• Task directions: All of the data must be output exactly, with every picture left out.

• Information shown:
■ ■ ■ ■ ■ ■ ■

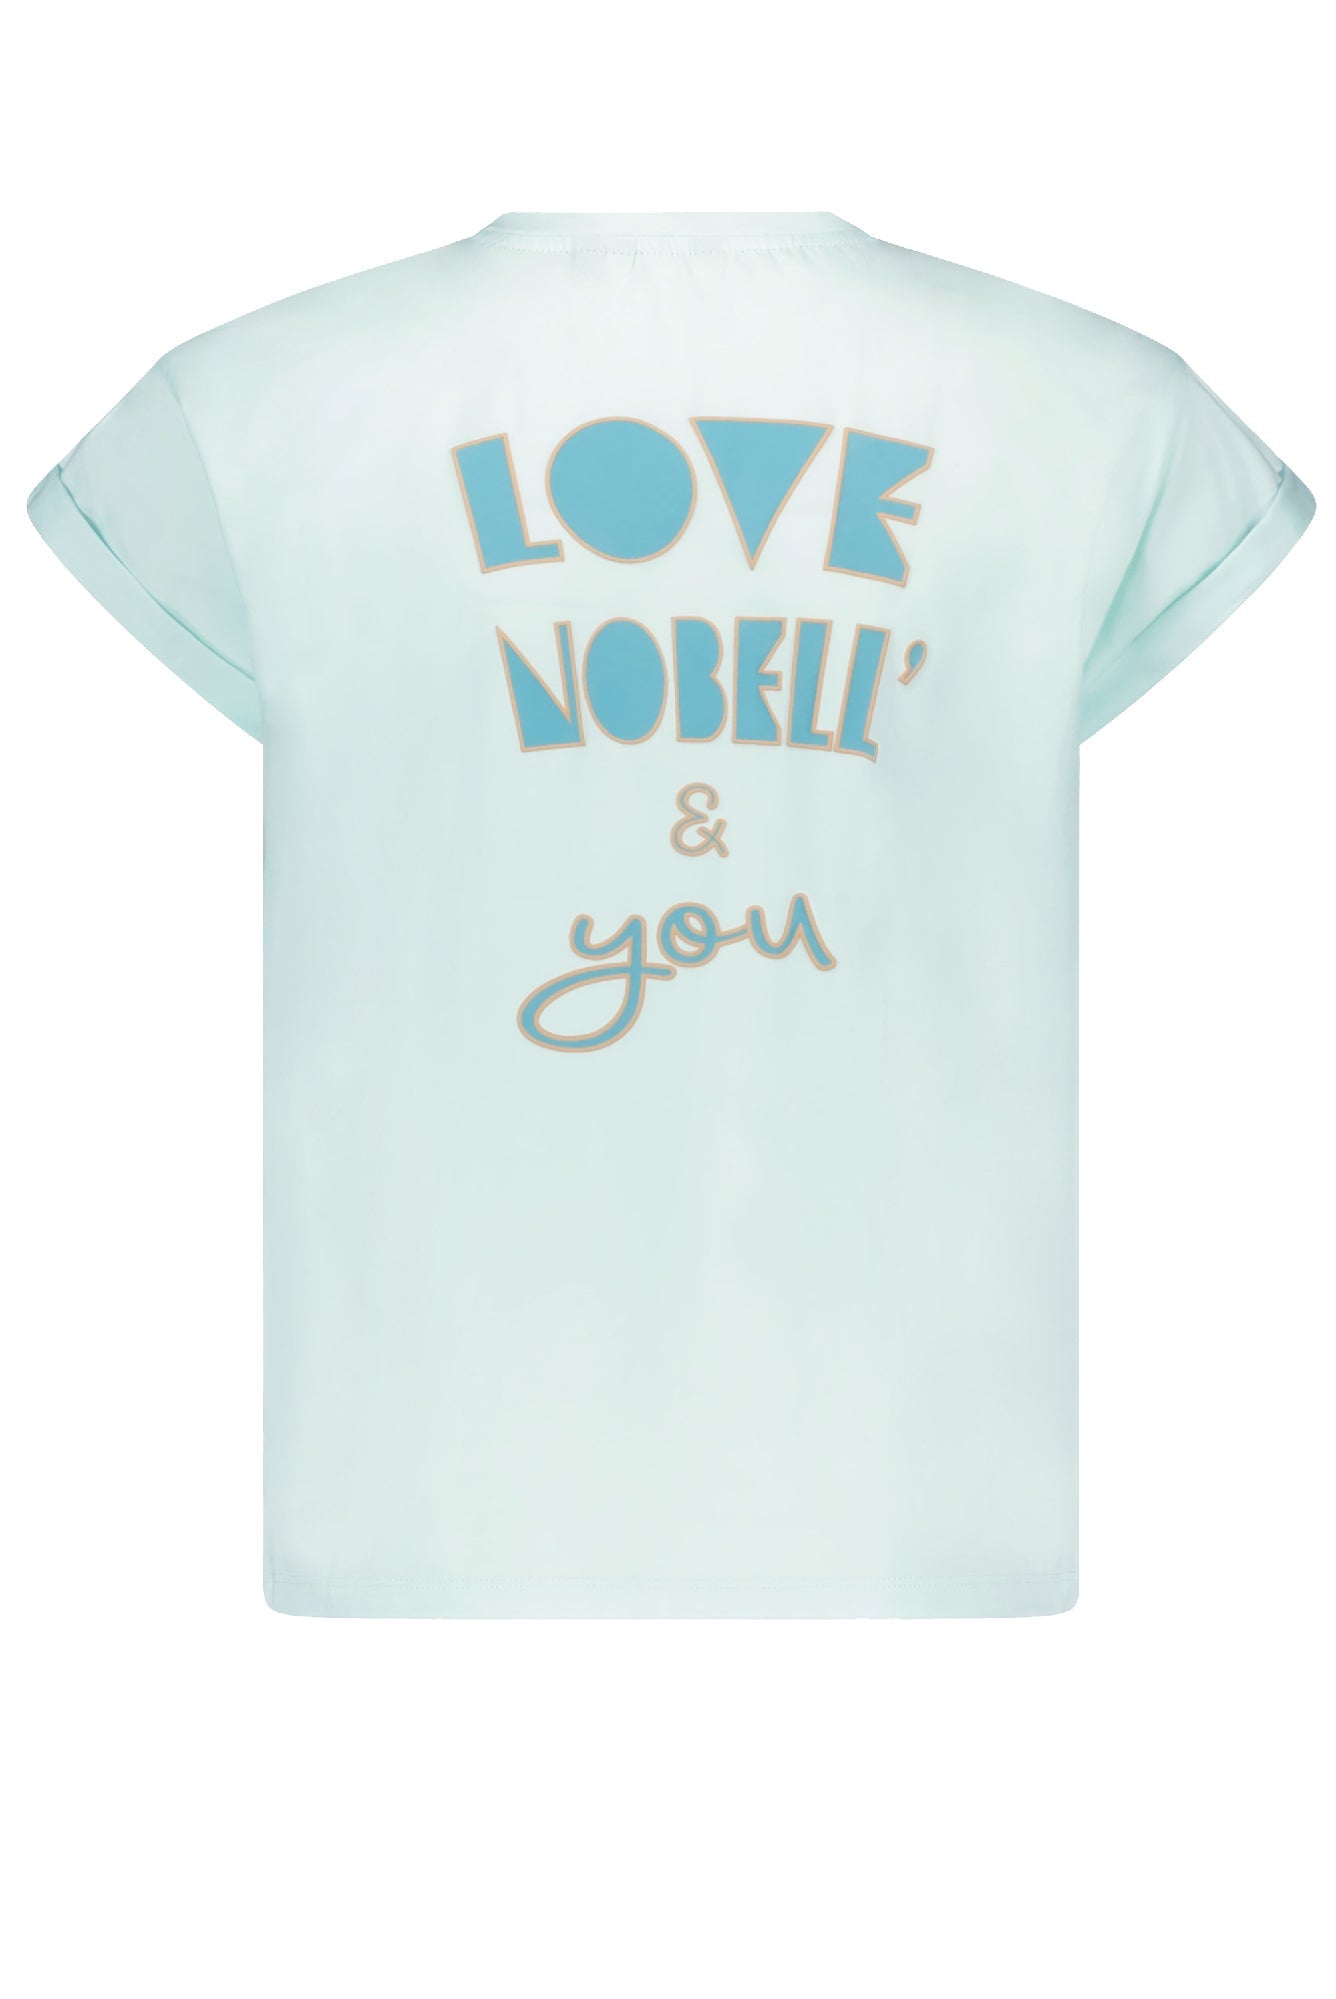 Meisjes Kasis crew neck tshirt s/sl with print LOVE PEACE & YOU van NoBell in de kleur Spa Blue in maat 170-176.
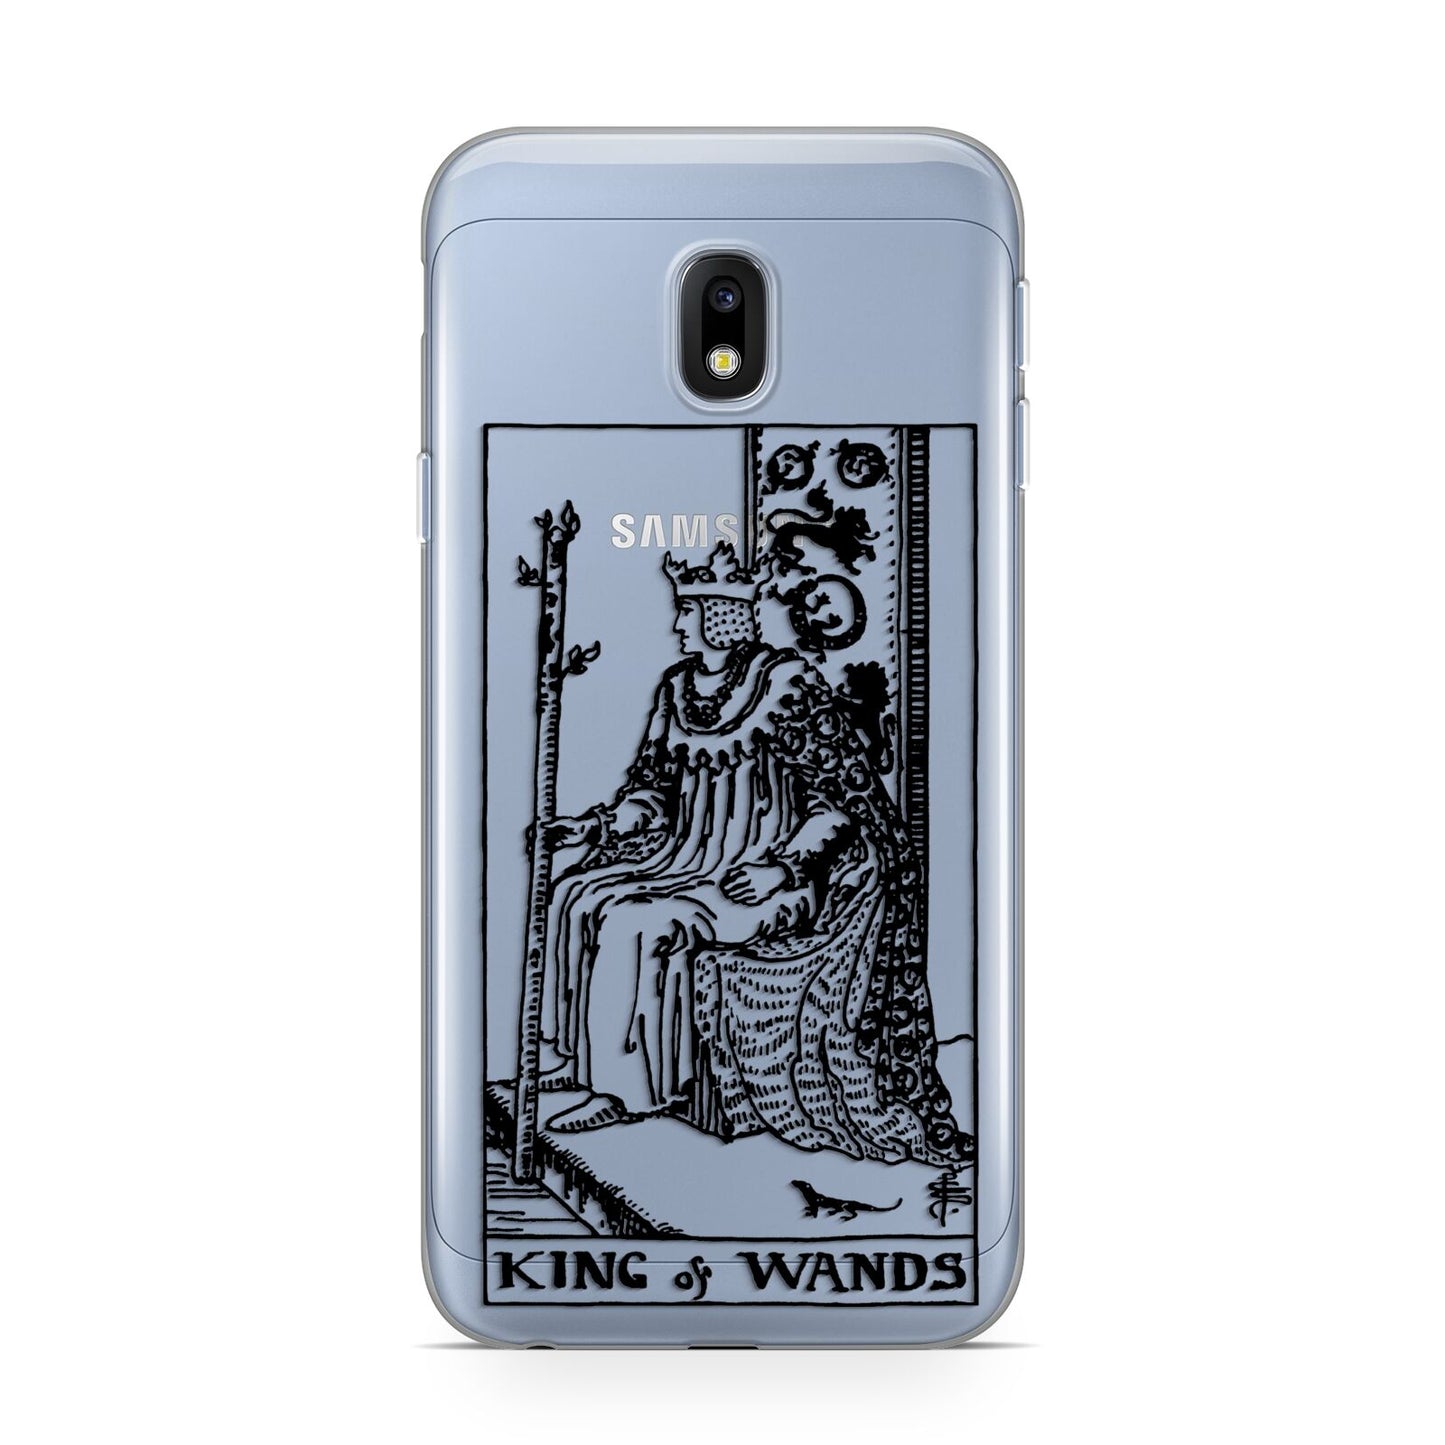 King of Wands Monochrome Samsung Galaxy J3 2017 Case
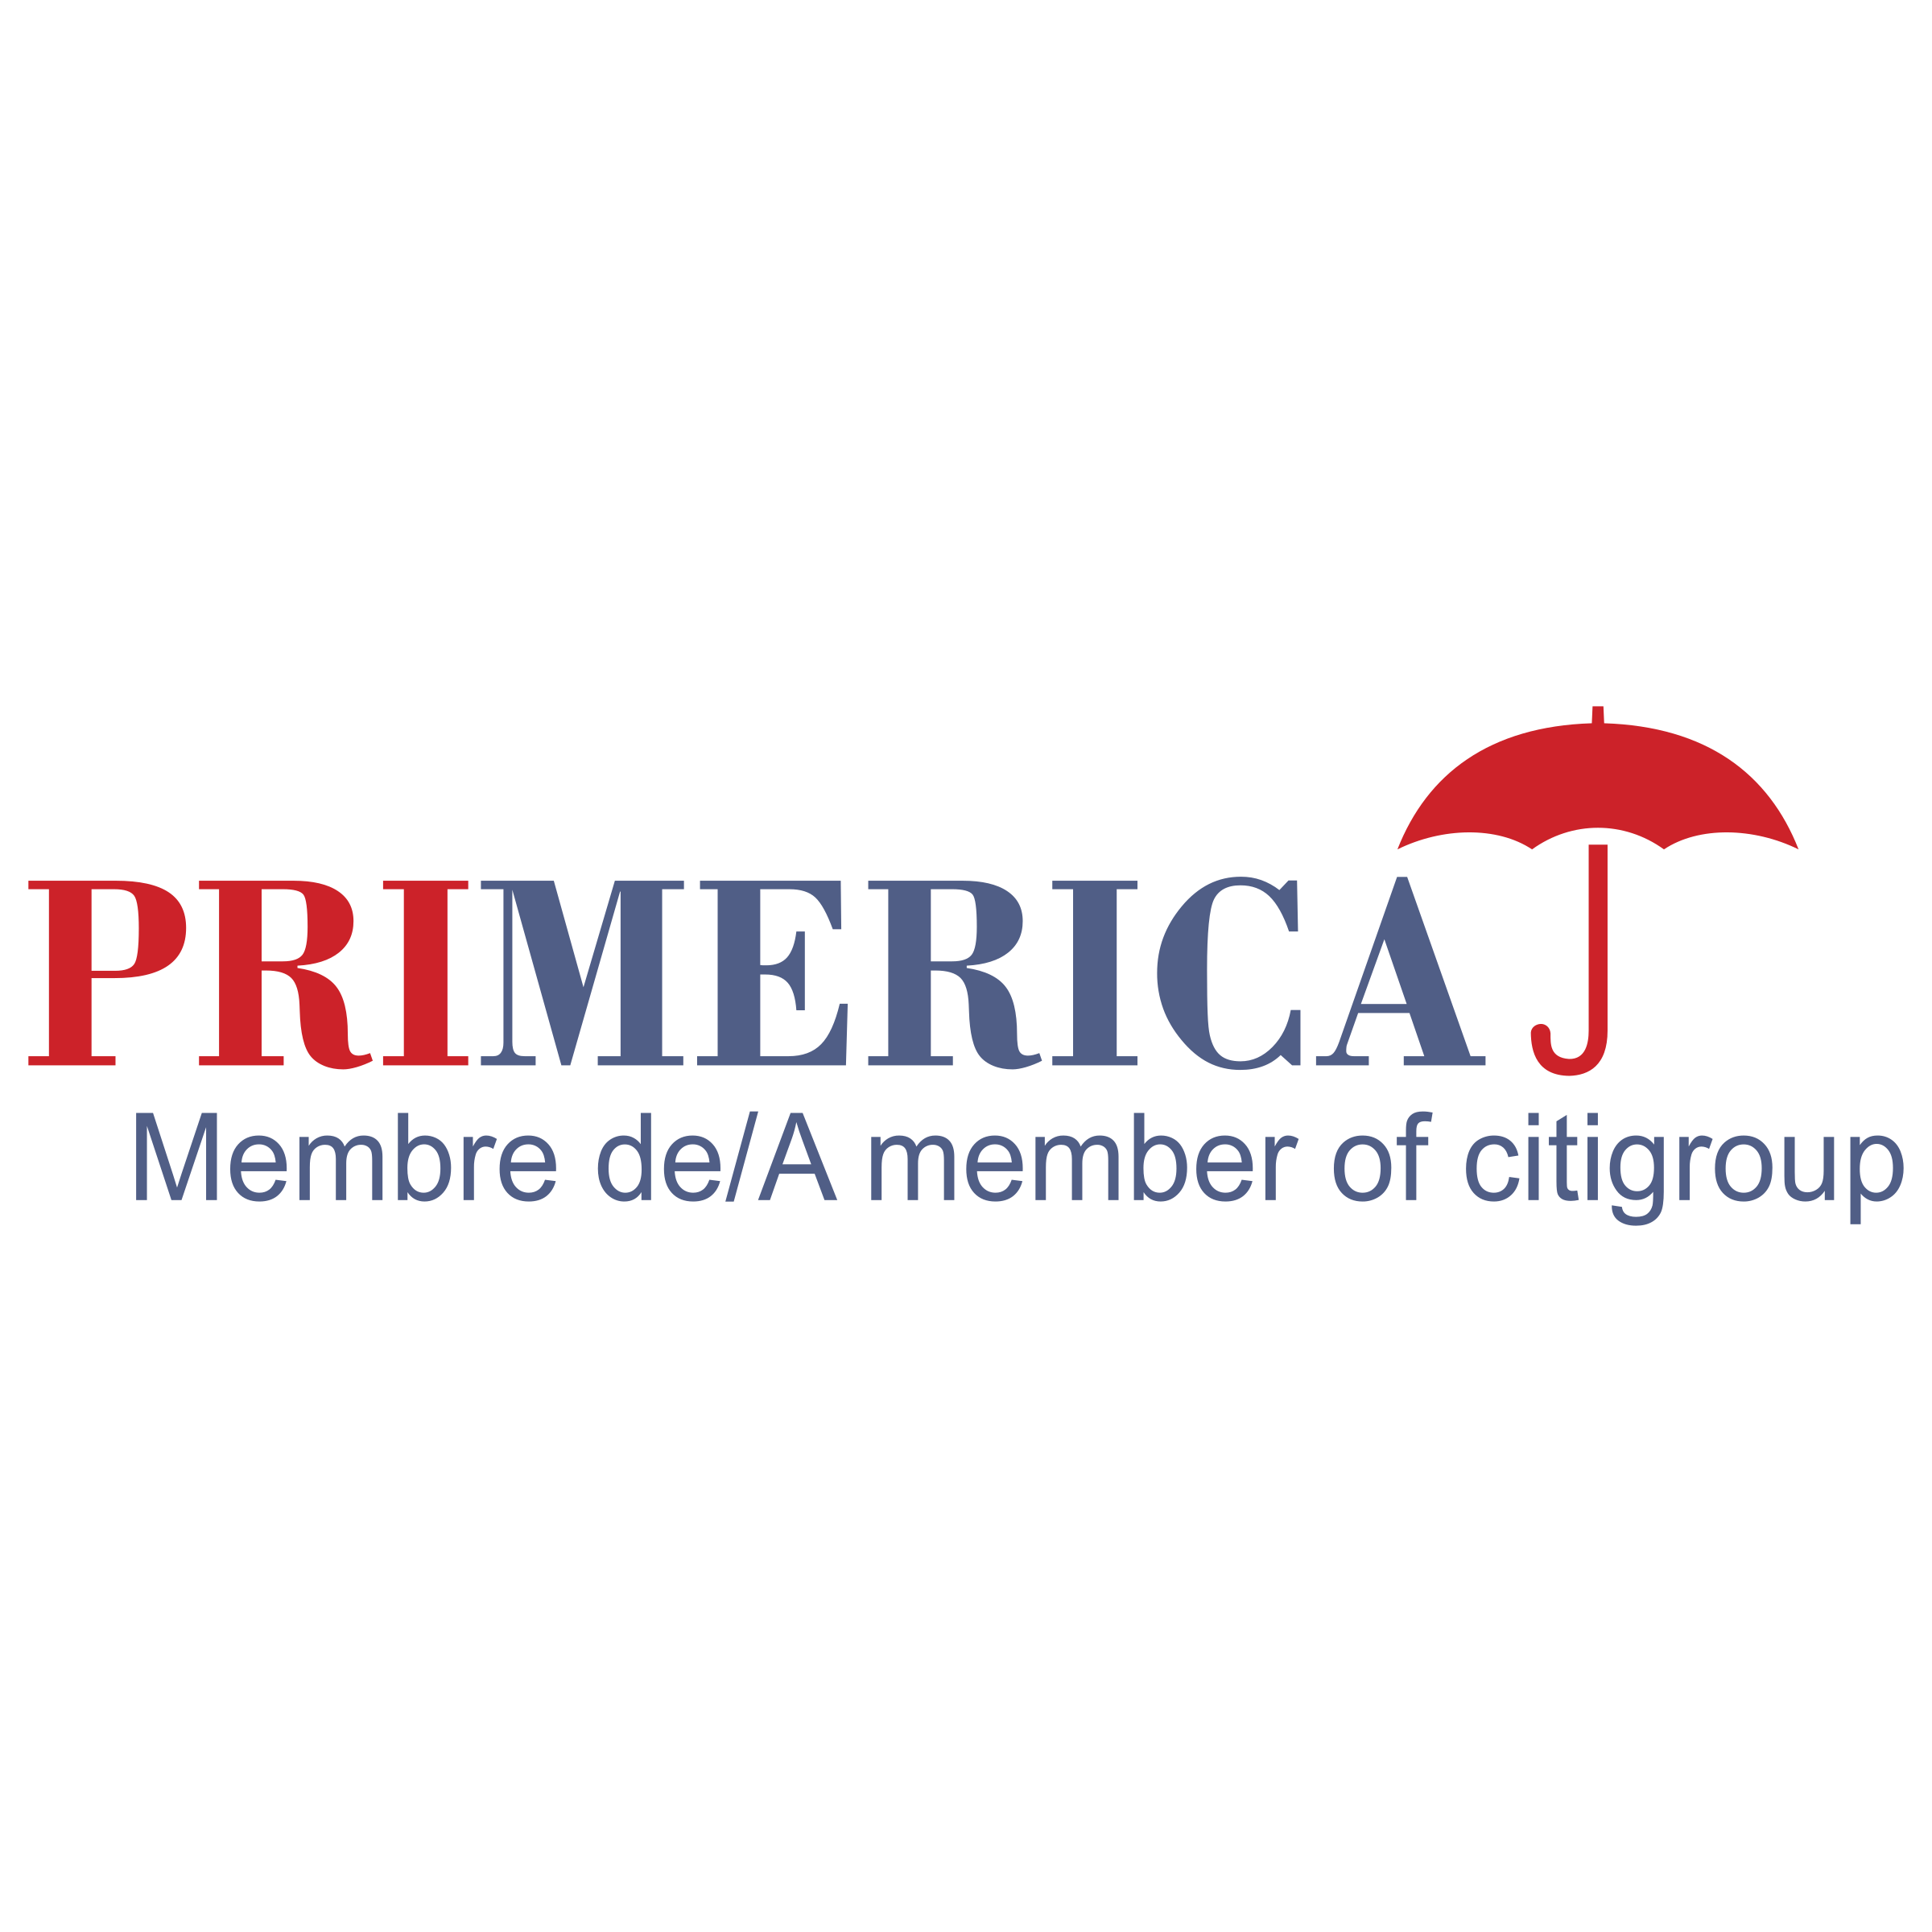 Primerica Logo Png Image

■ ■ ■ ■ ■ ■ ■

• Result of the exercise:
 Meisjes Kasis crew neck tshirt s/sl with print LOVE PEACE & YOU van NoBell in de kleur Spa Blue in maat 170-176.
 King of Wands Monochrome Samsung Galaxy J3 2017 Case
 Primerica Logo Png Image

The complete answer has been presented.